Mi Antivirus de este viernes retrata la mezquindad de una patronal opuesta al acuerdo de pensiones en medio de una euforia de beneficios y salarios estratosféricos de las principales fortunas del país. Nada se puede esperar de una cúpula empresarial que niega cualquier compromiso con los más vulnerables de su país.
Se llama
¡Qué difícil es mejorar la reputación empresarial!
¡Qué difícil tiene que ser presidir la CEOE, con la que está cayendo esta semana, y que “sólo” te paguen 400.000 euros! Me refiero a sentirse obligado a rechazar una reforma de pensiones sostenible que, además de garantizar el poder adquisitivo, eleva las mínimas (todavía insuficientes) para que converjan con el salario mínimo, sube las que reciben las mujeres que han cotizado menos para cuidarnos, no perturba la competitividad de las empresas y cuyo coste laboral por hora trabajada es inferior a la media europea... y encima viene avalada por un gobierno europeo afín a tu ideología. ¡Qué difícil e irresponsable es oponerse cuando has estado ausente de la negociación y no has presentado contrapartidas!
¡Qué difícil tiene que ser presidir la CEOE y ver que sólo los expertos afines a tus intereses privatizadores de lo público (BBVA y alguno más) y un indocumentado presidente del PP apoyan tus tesis sobre una indemostrada “voracidad recaudatoria”!
¡Qué difícil tiene que ser como presidente de la patronal alinear ese reto de “lograr una situación social cada vez más justa”, que ordena el artículo 4 de los estatutos de la CEOE, y sólo ser capaz de estar “a las maduras” (en palabras del ministro Escrivá) para que tus asociados reciban miles de millones de euros de fondos europeos y nunca estar “a las duras” cuando se trata de frenar la creciente desigualdad y pobreza de los trabajadores que crean riqueza!
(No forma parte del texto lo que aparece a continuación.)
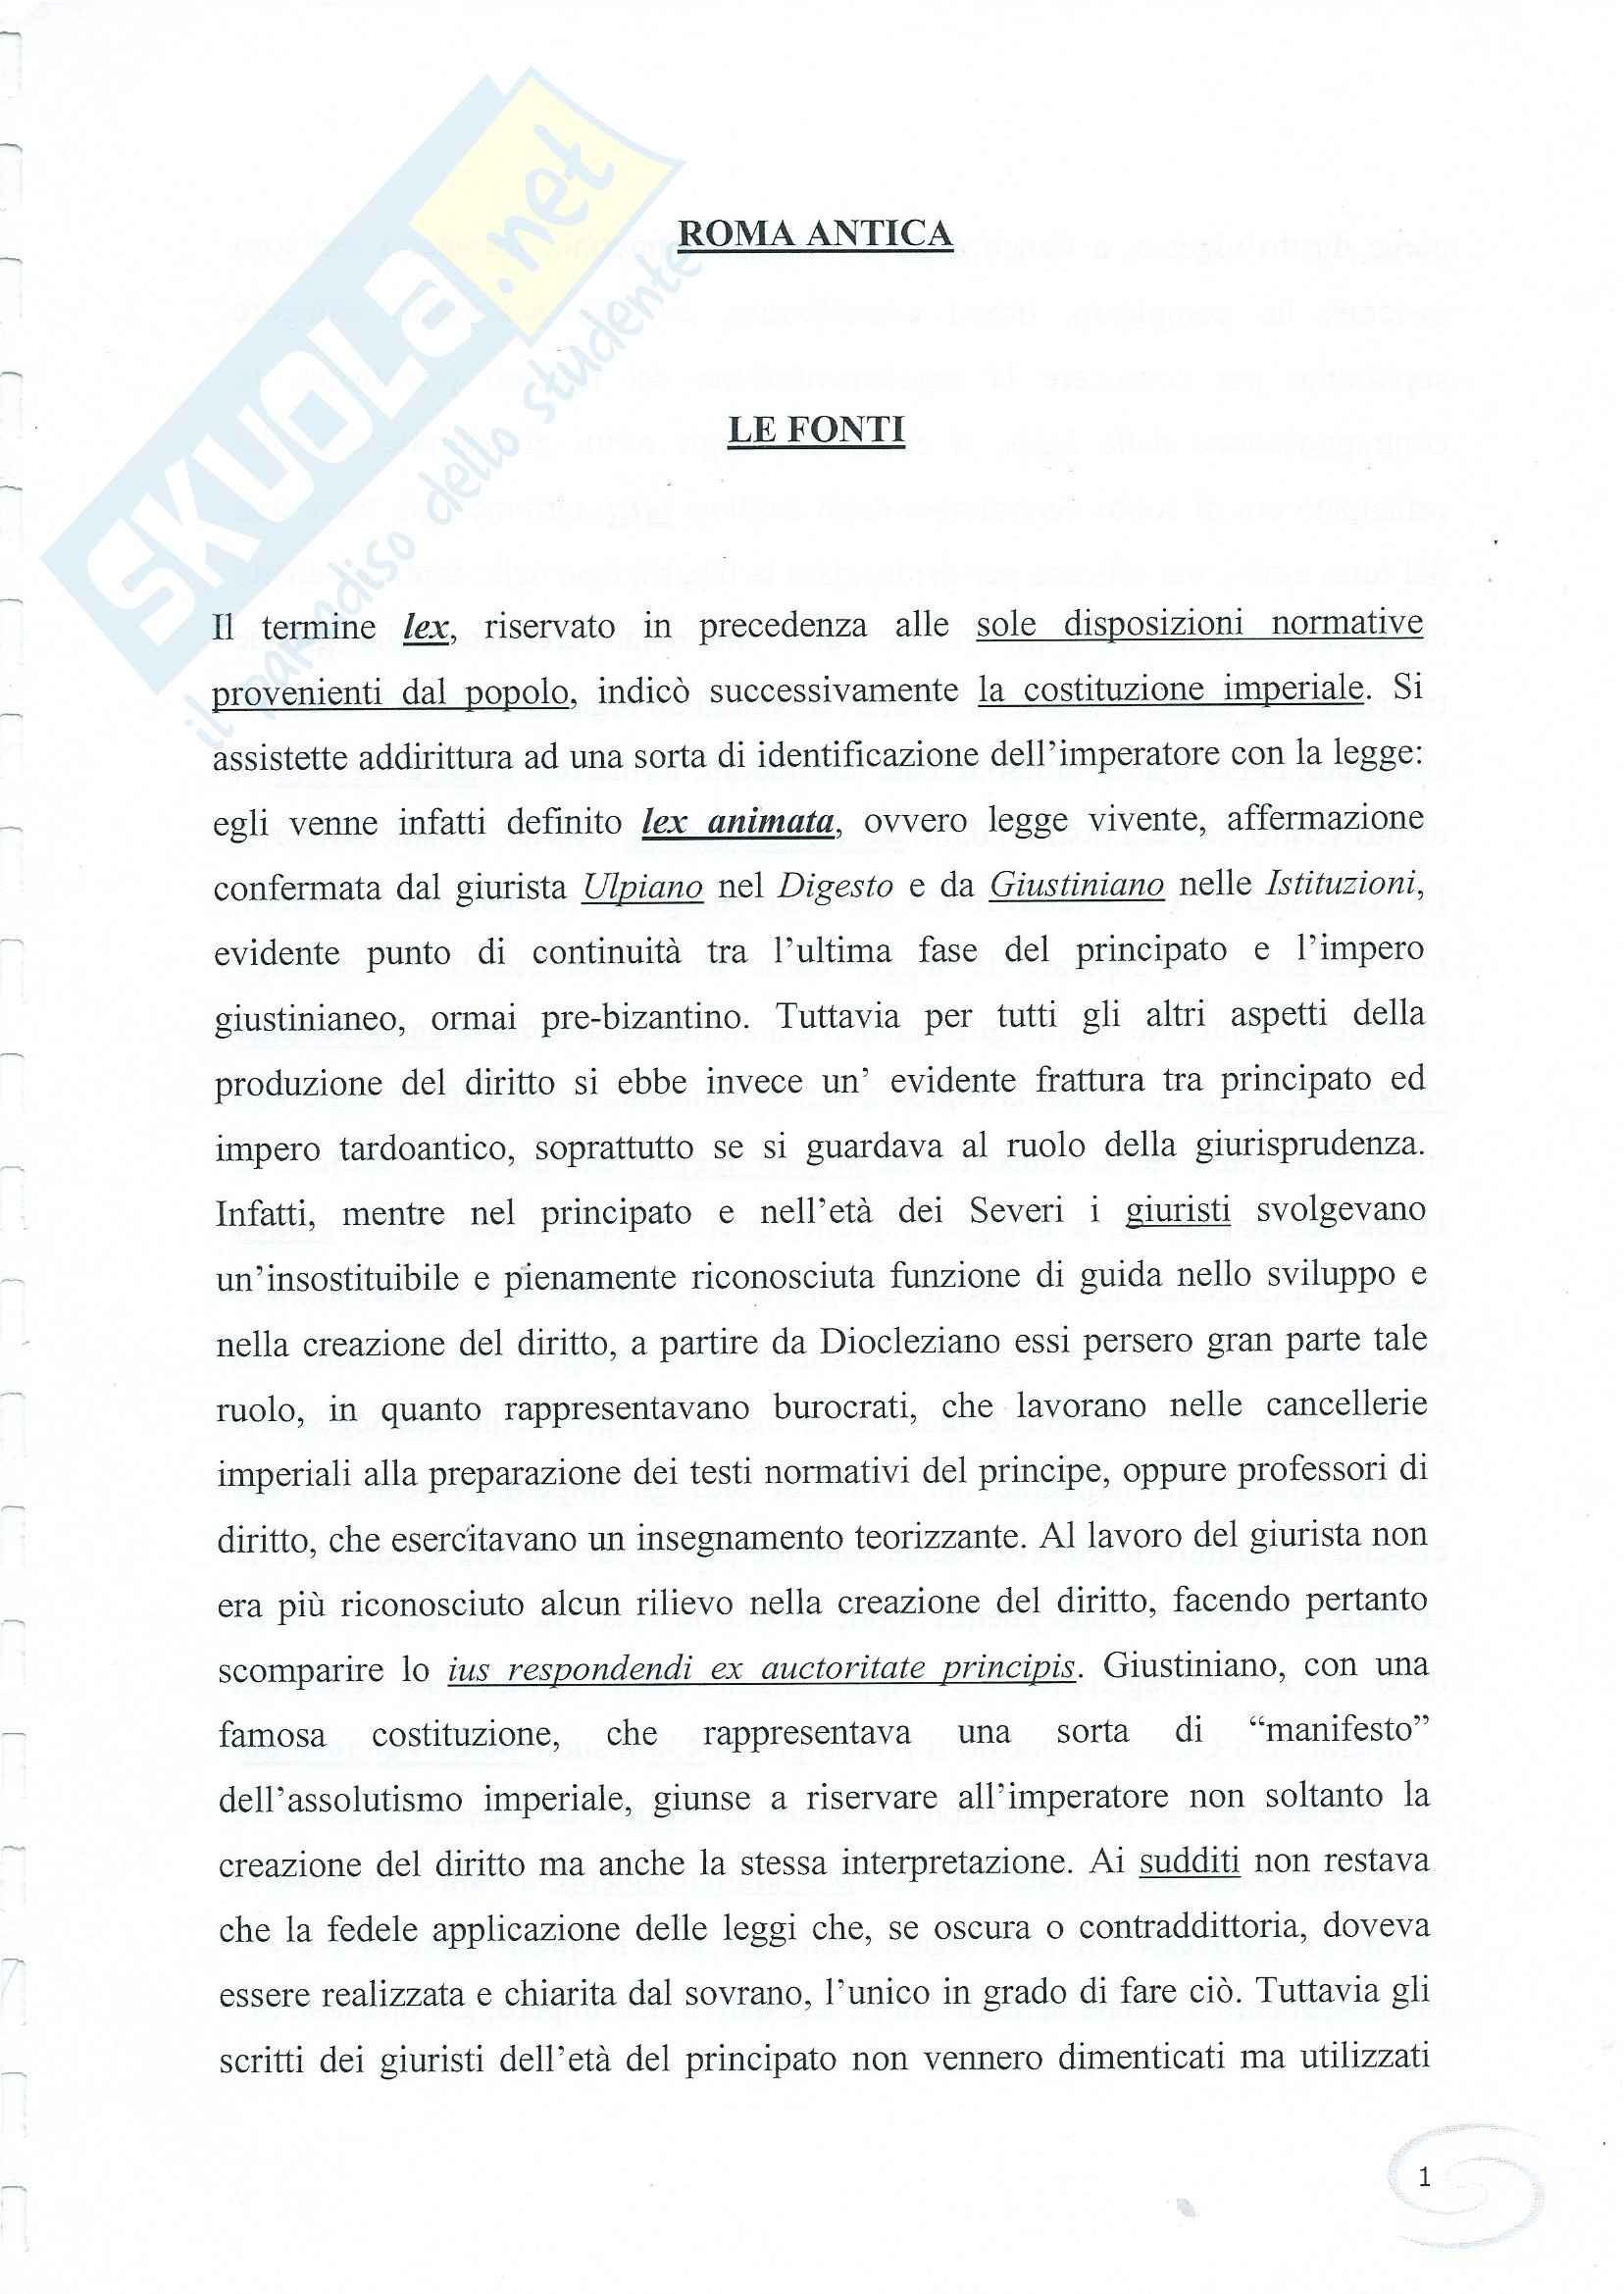 appunto C. Terreni Storia del diritto romano

¡Qué difícil tiene que ser presidir la CEOE cuando defiendes o impones a los trabajadores la mayor pérdida de poder adquisitivo de los salarios de las últimas décadas y ves cómo las grandes fortunas de este país logran récord milmillonarios de beneficios y se asignan sueldos y dividendos estratosféricos, como los de Inditex (Amancio Ortega: 2.217 millones en dividendos) o Mercadona (Juan Roig: récord salarial con 11 millones) esta semana, y los banqueros o los grandes accionistas de compañías energéticas o petroleras semanas atrás!
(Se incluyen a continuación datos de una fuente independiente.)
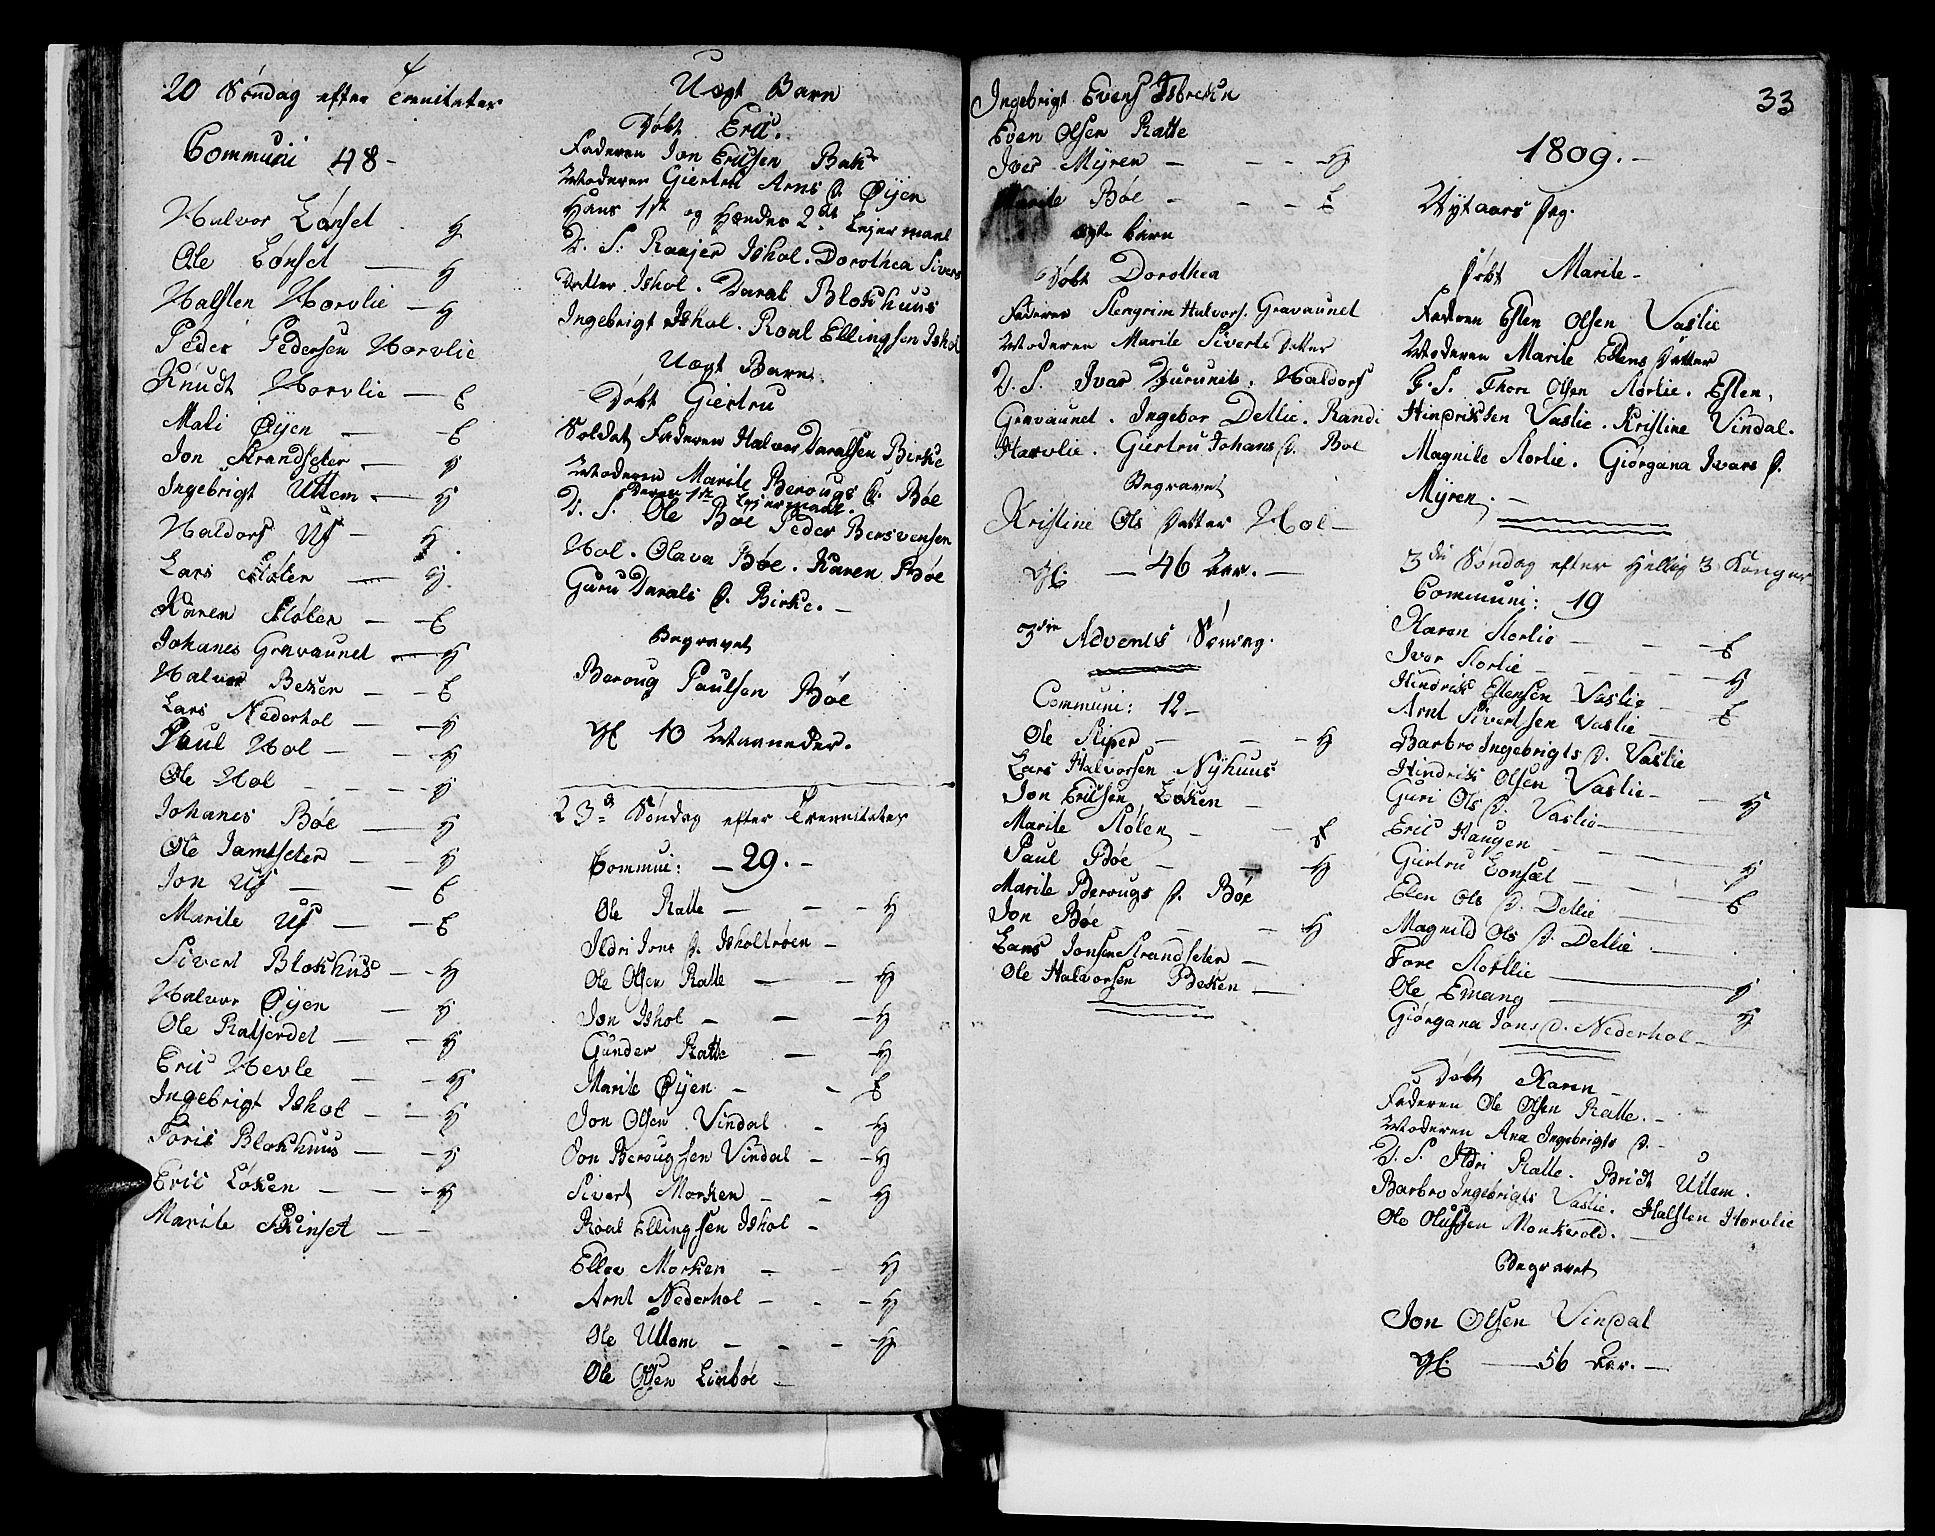 SAT, Ministerialprotokoller, klokkerbøker og fødselsregistre - Sør-Trøndelag, 679/L0921: Klokkerbok nr. 679C01, 1792-1840, s. 33

¡Qué difícil tiene que ser soportar que hasta el Banco de España te diga que los beneficios empresariales han aumentado nada menos que siete veces más que los salarios!
¡Qué difícil tiene que ser aguantar el peso de informes de la Comisión Europea, nada sospechosa de comunista, cuando recomienda las subidas salariales que tú niegas como presidente de la patronal española!
¡Qué difícil tiene que ser ver alejados los pronósticos y soflamas de recesión en España y asistir a previsiones oficiales al alza del PIB que tumban tus deseos de enterrar al gobierno más progresista de la historia de tu país!
¡Vaya semanita! ¡Qué difícil tiene que ser también contemplar la vuelta del pánico bancario provocado por especuladores o ejecutivos deficientes en el Silicon Valley Bank, en el Credit Suisse o en el First Republique Bank y no poder o querer calificarlos por su nombre porque forman parte de tu clase social!
Todo esto debería ser difícil de llevar si la cúpula de la patronal española se instalara en la decencia de reducir las brechas históricas acumuladas y aumentadas en las más impensables situaciones adversas y practicara una responsabilidad social corporativa consecuente con la pérdida de calidad de vida. Pero no ha sido así. La CEOE no ha digerido ni asumido una mínima contribución a la igualdad en una de las peores coyunturas vividas por sociedad española en los últimos cuarenta años (pandemia, guerra en Europa, crisis energética, inflación desbocada y subida exponencial del precio de los alimentos). Y eso que, como revela un informe de la OCDE, “las familias más ricas se llevan más del 30% de las transferencias públicas y las más pobres un 12%” (El Salto).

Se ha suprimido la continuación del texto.